Closed kwshi closed 3 years ago

kwshi commented 3 years ago

I've been playing with Darch the past few days and trying to get it to work on one of my computers, but I've been unable to get any sort of usable system with Darch so far. In particular, none of the existing pre-built images on Docker Hub (godarch/{void,void-musl,arch,ubuntu,debian}) successfully stage, and while your personal recipes do stage successfully, they result in either an out-of-memory kernel panic or a blank screen for me.
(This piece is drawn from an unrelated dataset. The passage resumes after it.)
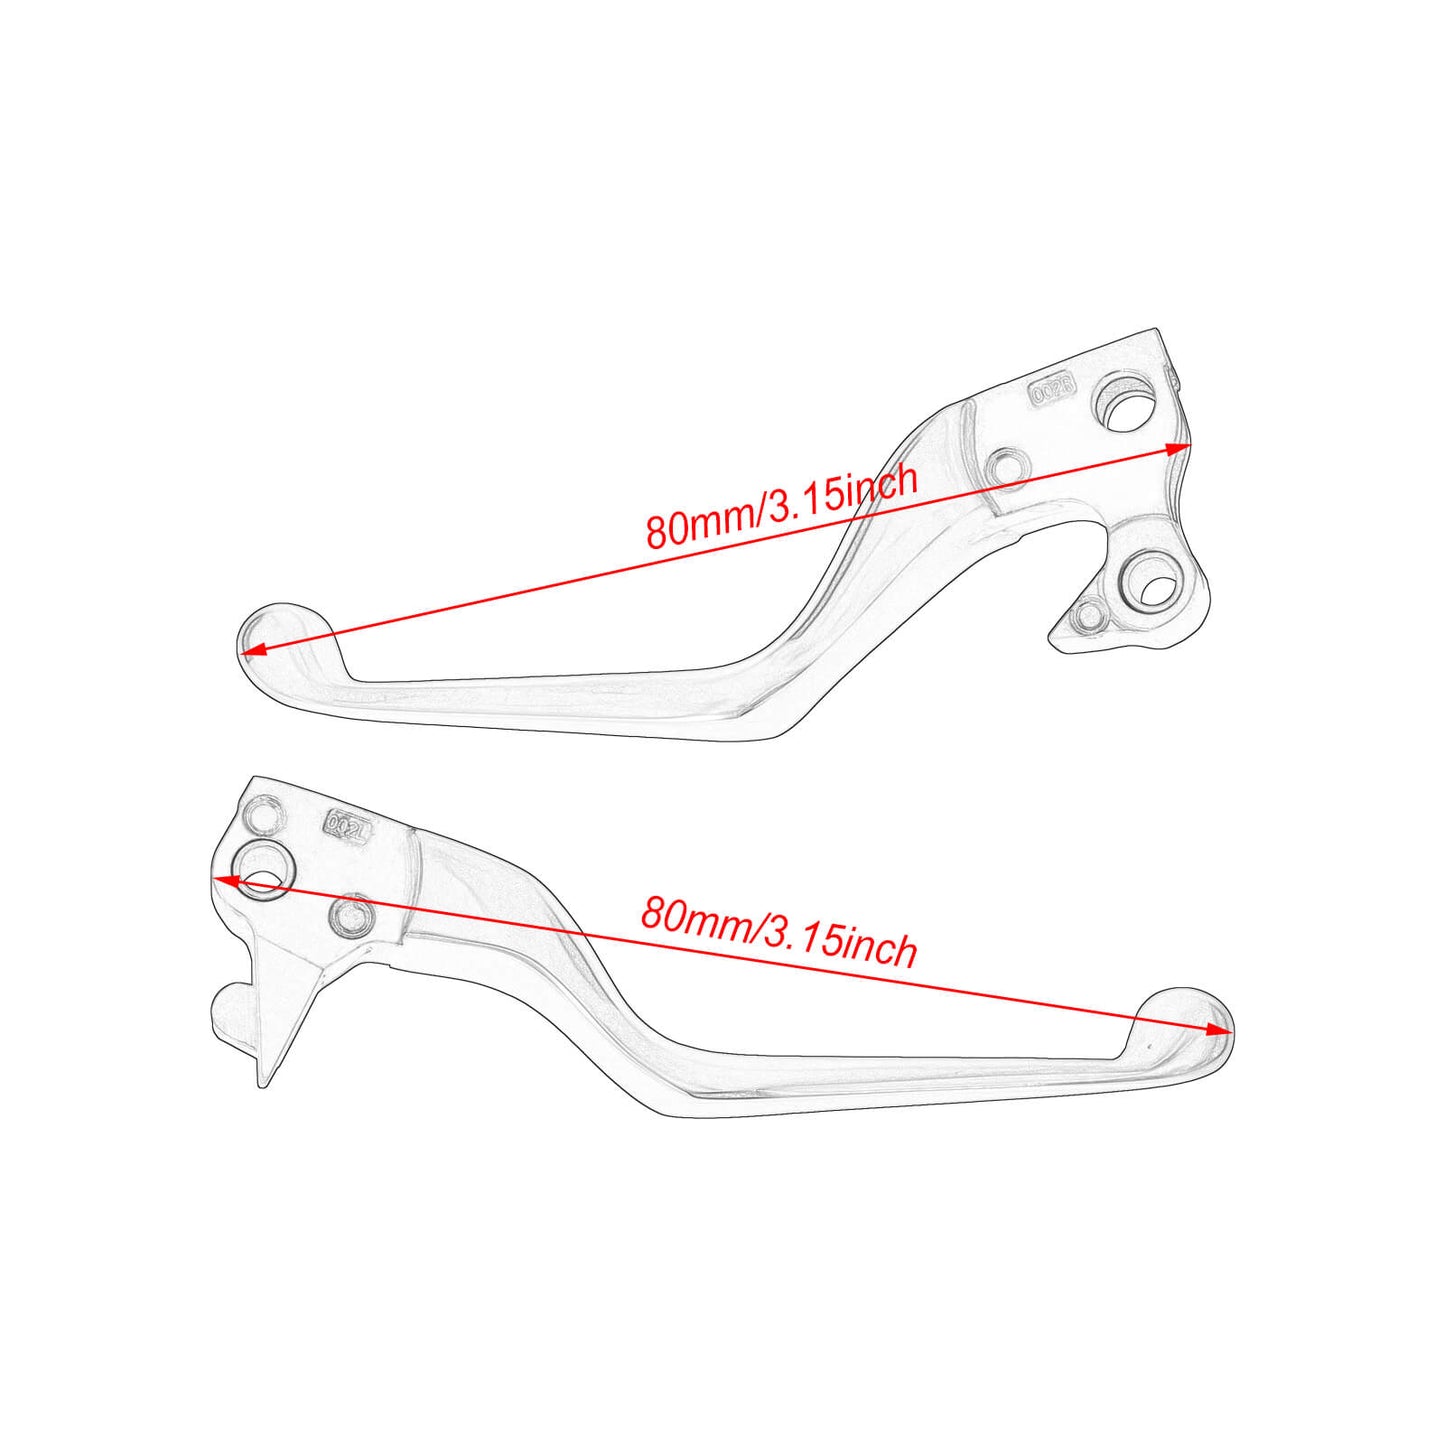 GP005904-mactions-harley-brake-clutch-lever-sportster-size

I've included a list of all the different things I've tried so far and what I've found at the bottom. Let me just start by saying thank you for doing this; it's a very cool, attractive project that feels like exactly what I'm looking for (having come from NixOS, I enjoy having reproducible build steps but did not enjoy all the extra Nix layers and the complexity it adds); and thank you for the effort you put into making this accessible to other folks! I also want to say that I don't intend to put any stress/pressure on you to maintain this project and fix all my problems, and I totally understand if you're busy with other things and don't have the time for a project you consider "done"!
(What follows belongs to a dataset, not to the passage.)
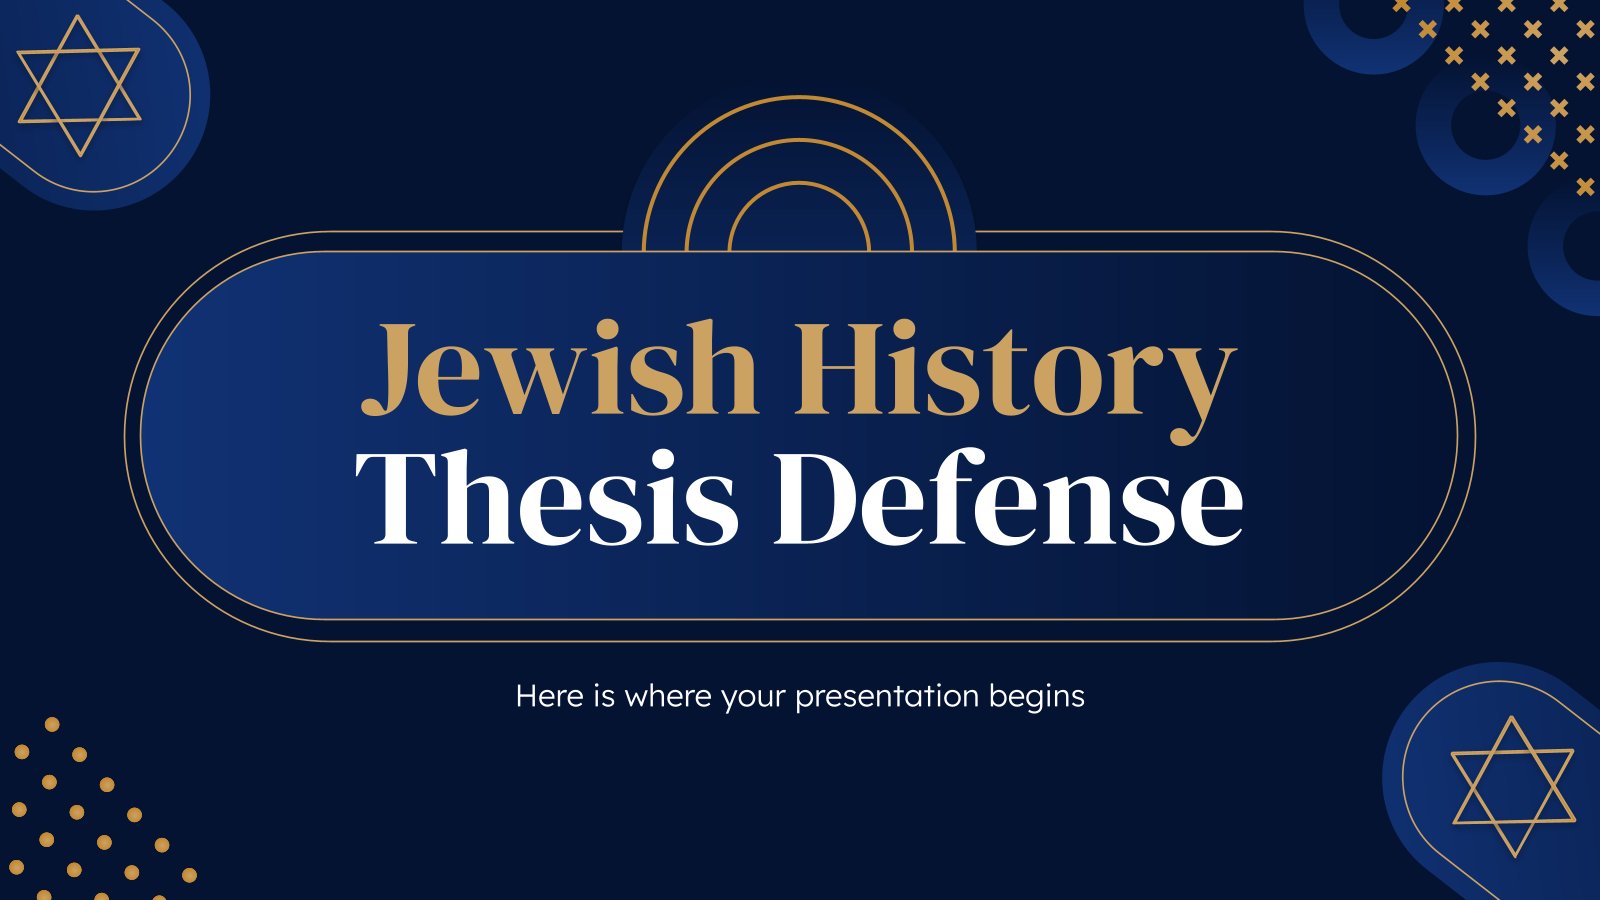 Jewish History Thesis Defense presentation template

So all I ask is this: it would be fantastic if you can help give me some coarse descriptions/point me to some resources about what Linux boot-loading magic (in your words, "special scripts that take into account the kernel, initramfs and root file system") involves and how those steps fit into the Darch staging + booting pipeline. I would love to help out with fixing/updating the documentation and these Dockerfiles (as well as add even more distributions or contribute to Darch V1.0) to make it even more accessible, but I currently have minimal clue how any of this works, so if you can help me get started I'd gladly contribute back!


List of unsuccessful attempts:

kwshi commented 3 years ago

Update: following the "test drive" instructions to pull and run pauldotknopf/darch-arch-base doesn't work either. Pulling fails with a

INFO[0057] apply failure, attempting cleanup        error="failed to extract layer sha256:81e2ef41a8ebca.....: mkparent /var/lib/darch/containerd/io.containerd.snapshotter.v1.overlayfs/snapshots/35/fs/usr/lib/systemd/system-generators: not a directory: unknown" key="extract-49363929-2dho sha256:32ac130aa52dff51193......."
darch: failed to unpack image on snapshotter overlayfs: failed to extract layer ........... not a directory: unknown
kwshi commented 3 years ago

Oh well--I have since given up on figuring Darch out, so I'm going to close this issue.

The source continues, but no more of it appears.